“He is very nice, though he is not young. He is upward of fifty, fifteen years my senior. He has been a father to my sister and me. He is a very remarkable man; he has the best manners in France. He is extremely clever; indeed he is very learned. He is writing a history of The Princesses of France Who Never Married.” This was said by Bellegarde with extreme gravity, looking straight at Newman, and with an eye that betokened no mental reservation; or that, at least, almost betokened none.
Newman perhaps discovered there what little there was, for he presently said, “You don’t love your brother.”
“I beg your pardon,” said Bellegarde, ceremoniously; “well-bred people always love their brothers.”
“Well, I don’t love him, then!” Newman answered.
“Wait till you know him!” rejoined Bellegarde, and this time he smiled.
“Is your mother also very remarkable?” Newman asked, after a pause.
“For my mother,” said Bellegarde, now with intense gravity, “I have the highest admiration. She is a very extraordinary woman. You cannot approach her without perceiving it.”

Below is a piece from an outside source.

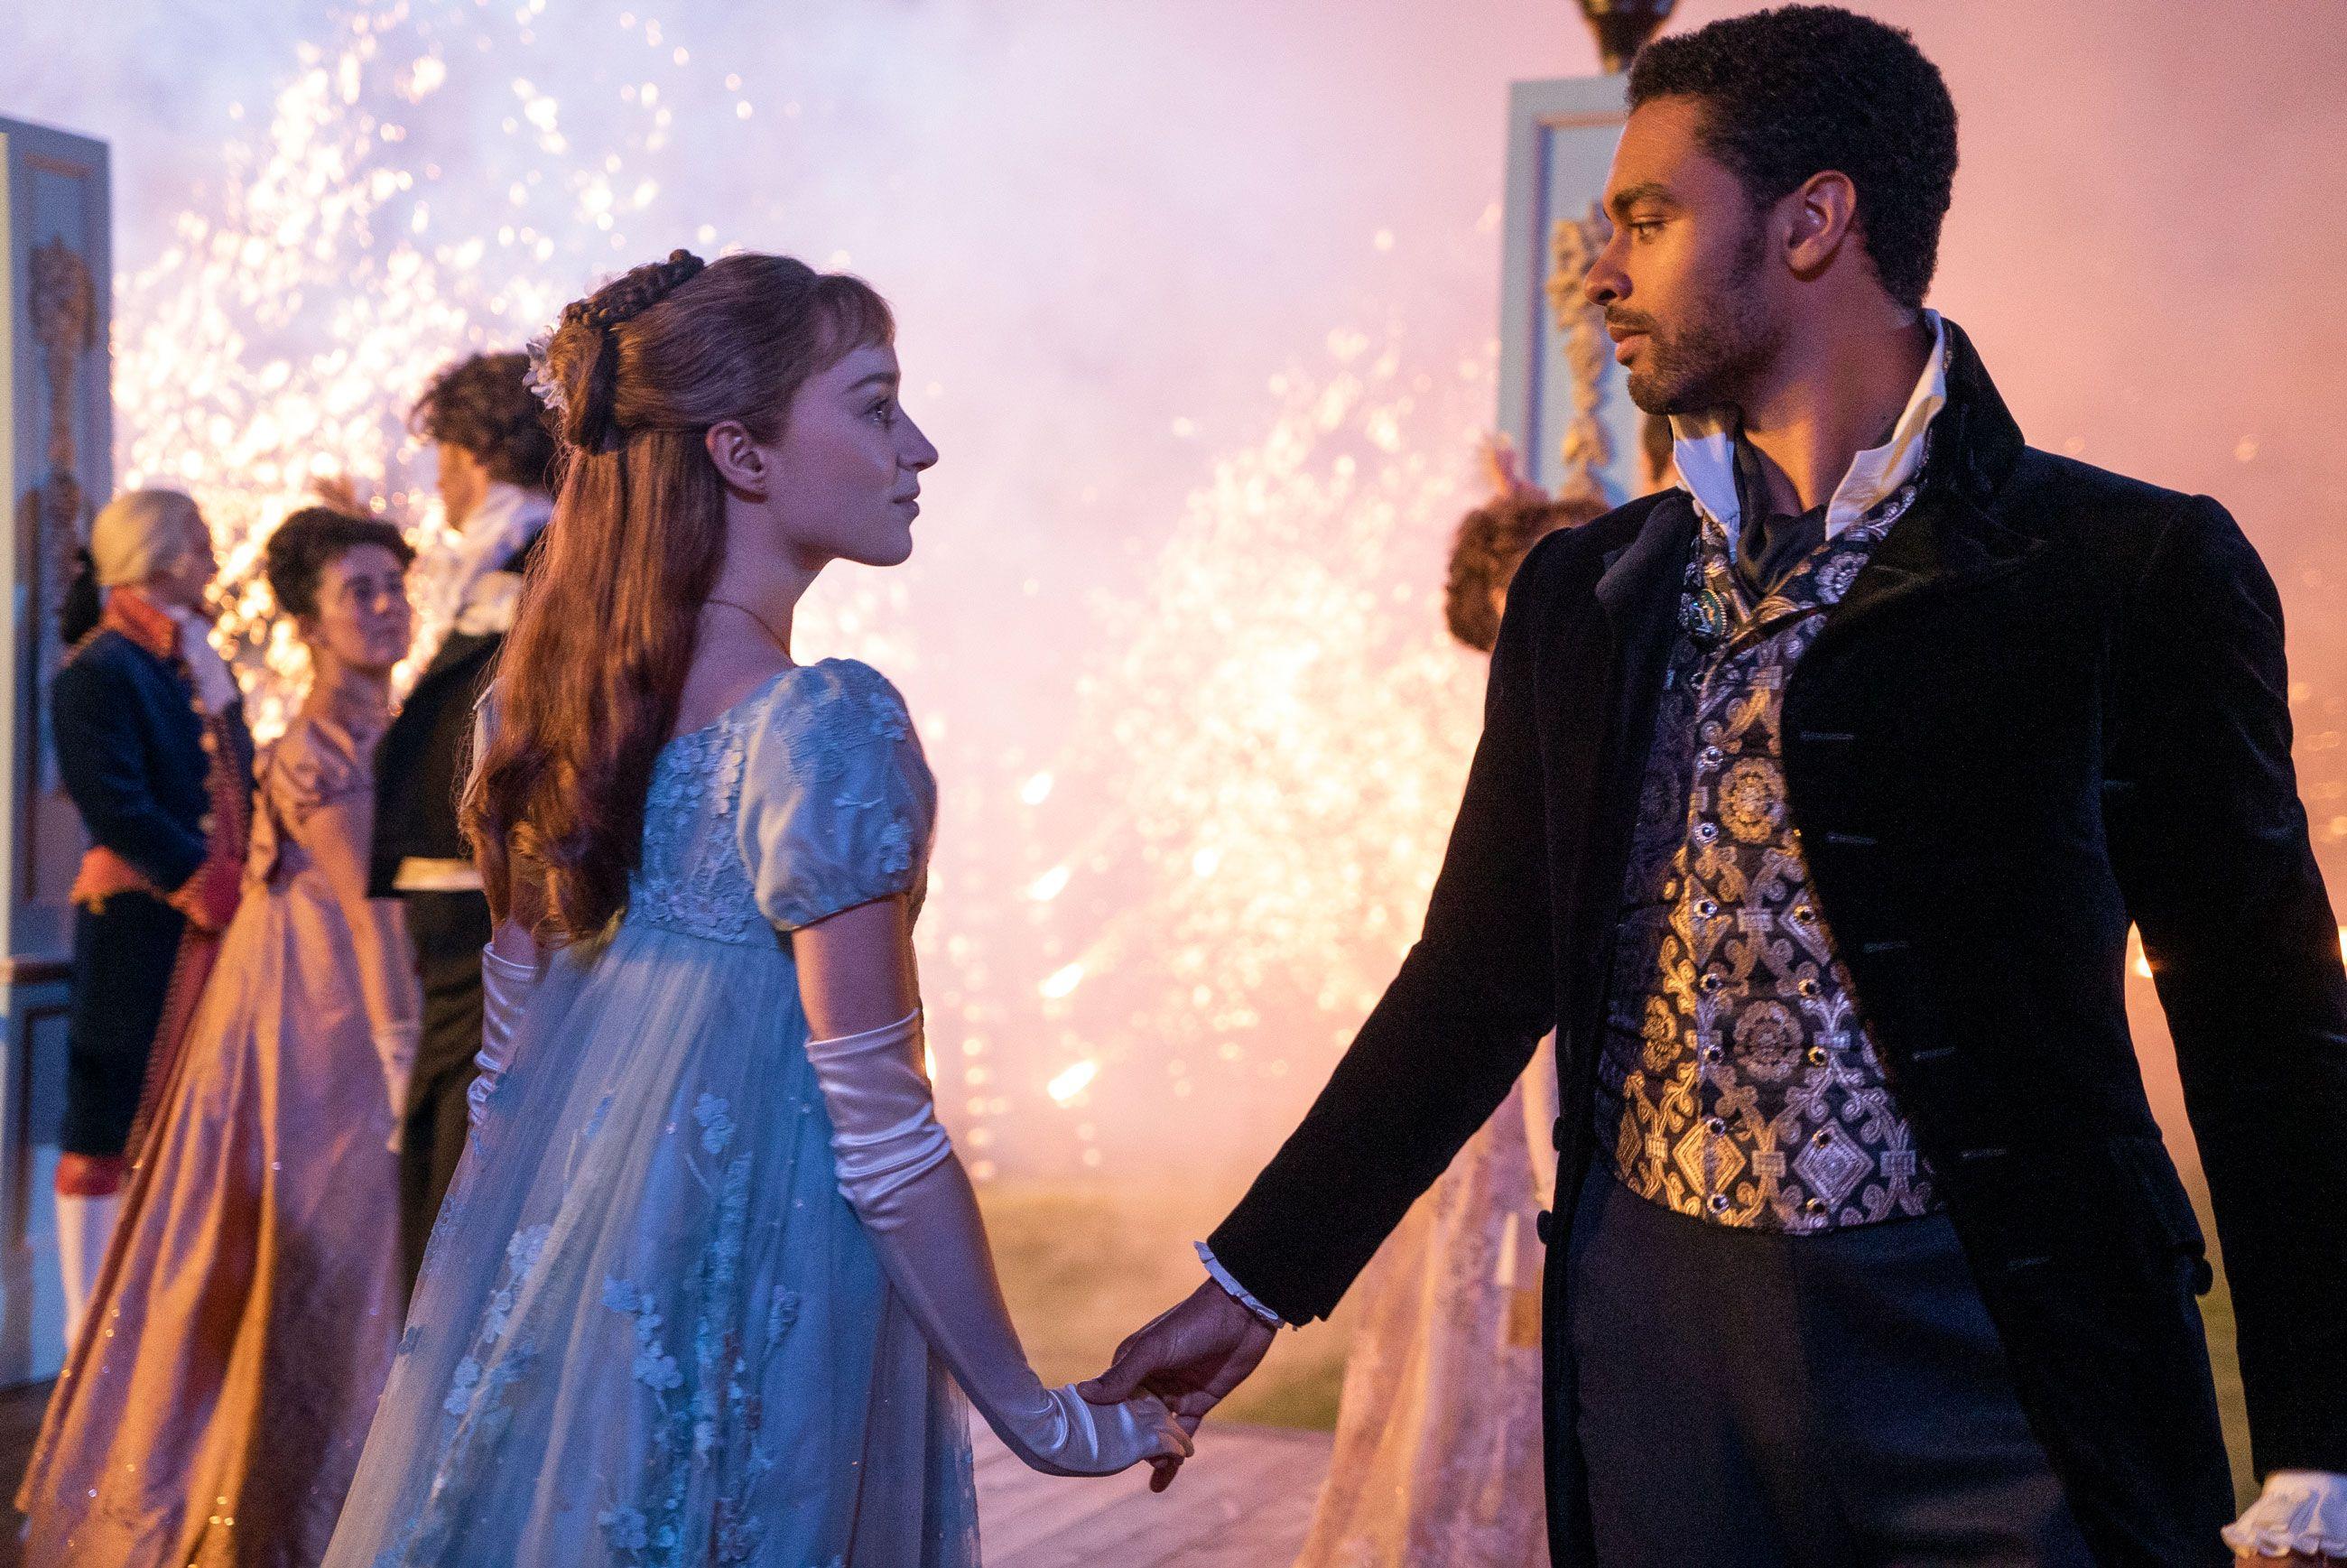 Julia Quinn's Bridgerton Series Is Heading to Netflix - The Bridgertons News, Casting, Premiere Date

“She is the daughter, I believe, of an English nobleman.”
“Of the Earl of St. Dunstan’s.”
“Is the Earl of St. Dunstan’s a very old family?”
“So-so; the sixteenth century. It is on my father’s side that we go back—back, back, back. The family antiquaries themselves lose breath. At last they stop, panting and fanning themselves, somewhere in the ninth century, under Charlemagne. That is where we begin.”
“There is no mistake about it?” said Newman.
“I’m sure I hope not. We have been mistaken at least for several centuries.”
“And you have always married into old families?”
“As a rule; though in so long a stretch of time there have been some exceptions. Three or four Bellegardes, in the seventeenth and eighteenth centuries, took wives out of the bourgoisie—married lawyers’ daughters.”
“A lawyer’s daughter; that’s very bad, is it?” asked Newman.
“Horrible! one of us, in the middle ages, did better: he married a beggar-maid, like King Cophetua. That was really better; it was like marrying a bird or a monkey; one didn’t have to think about her family at all. Our women have always done well; they have never even gone into the petite noblesse. There is, I believe, not a case on record of a misalliance among the women.”
Newman turned this over for a while, and, then at last he said, “You offered, the first time you came to see me to render me any service you could. I told you that some time I would mention something you might do. Do you remember?”
“Remember? I have been counting the hours.”
“Very well; here’s your chance. Do what you can to make your sister think well of me.”
Bellegarde stared, with a smile. “Why, I’m sure she thinks as well of you as possible, already.”